Lessons From Failure
Some specific failures and what I learned:
The Token Bomb. A user submitted an extremely long business description to ClickAi's content generator. The prompt plus input exceeded the context window. The API returned an error, but my error handling was generic and the user saw a vague "something went wrong" message. Fix: input validation that truncates or summarizes long inputs before they reach the prompt.
The Language Drift. Aviation Infinity serves users in multiple languages. A prompt that worked perfectly in English started producing mixed-language output for French-speaking users -- half French, half English. The system message said "respond in the user's language" but didn't specify what to do when the user's input contained English technical terms. Fix: explicit instruction to "respond entirely in {language}, using {language} translations for technical terms where standard translations exist."
The Confident Wrong Answer. An Aviation Infinity explanation confidently stated an incorrect fact about instrument approaches. The explanation sounded authoritative and a student flagged it. This was a hallucination that passed through my validation because the validation was checking format, not factual accuracy.
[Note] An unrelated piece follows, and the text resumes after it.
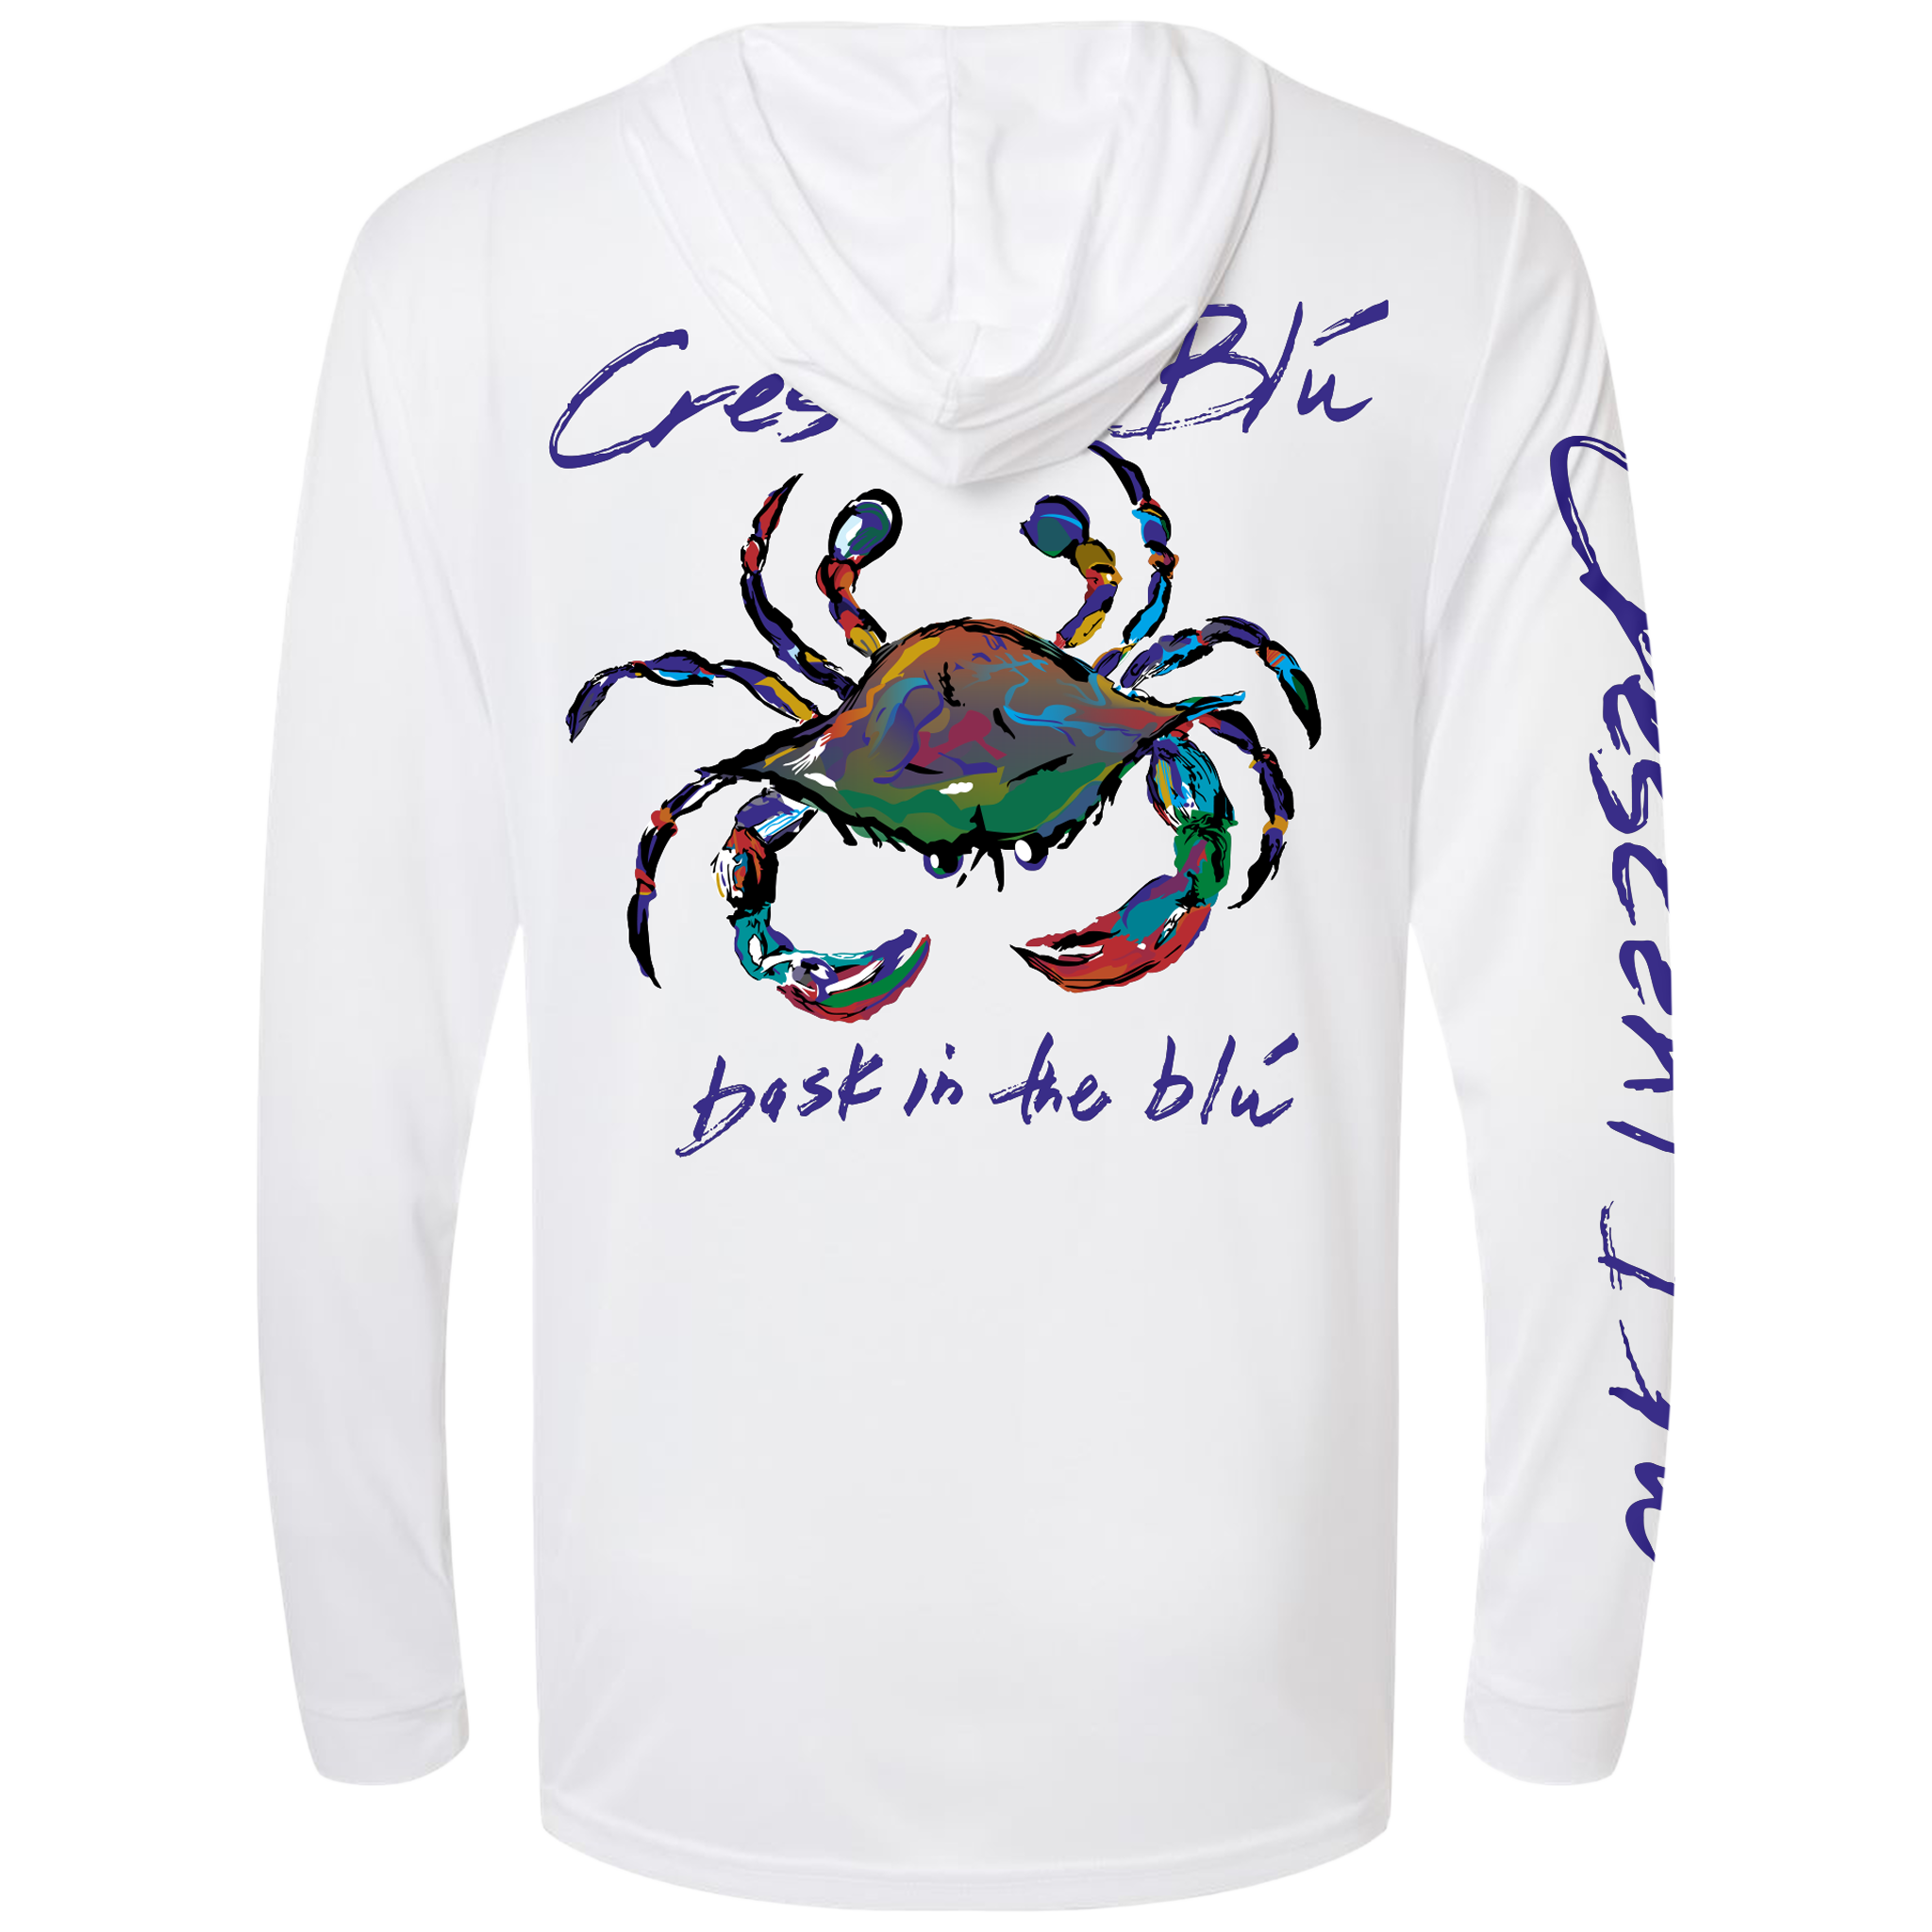 White Hoodie long sleeve Performance Sun Shirt with UPF 50+. Crescent Blu written on the right sleeve. Large multi-colored crab logo featured on the back.

Fix: added a retrieval step that pulls relevant verified content and includes it as context in the prompt, grounding the model's response in trusted sources.
The Meta-Lesson
The most important thing I've learned about production prompt engineering is that it's iterative, data-driven work. The first version of every prompt is mediocre. You ship it, observe how it behaves with real inputs, and improve. The tenth version is good. The twentieth version is excellent.
This means you need infrastructure for iteration: logging, monitoring, evaluation, and a deployment pipeline that makes prompt updates easy. Invest in this infrastructure early. It pays dividends forever.
Prompt engineering isn't a one-time task. It is an ongoing practice, closer to maintaining a codebase than writing a document. Treat it accordingly.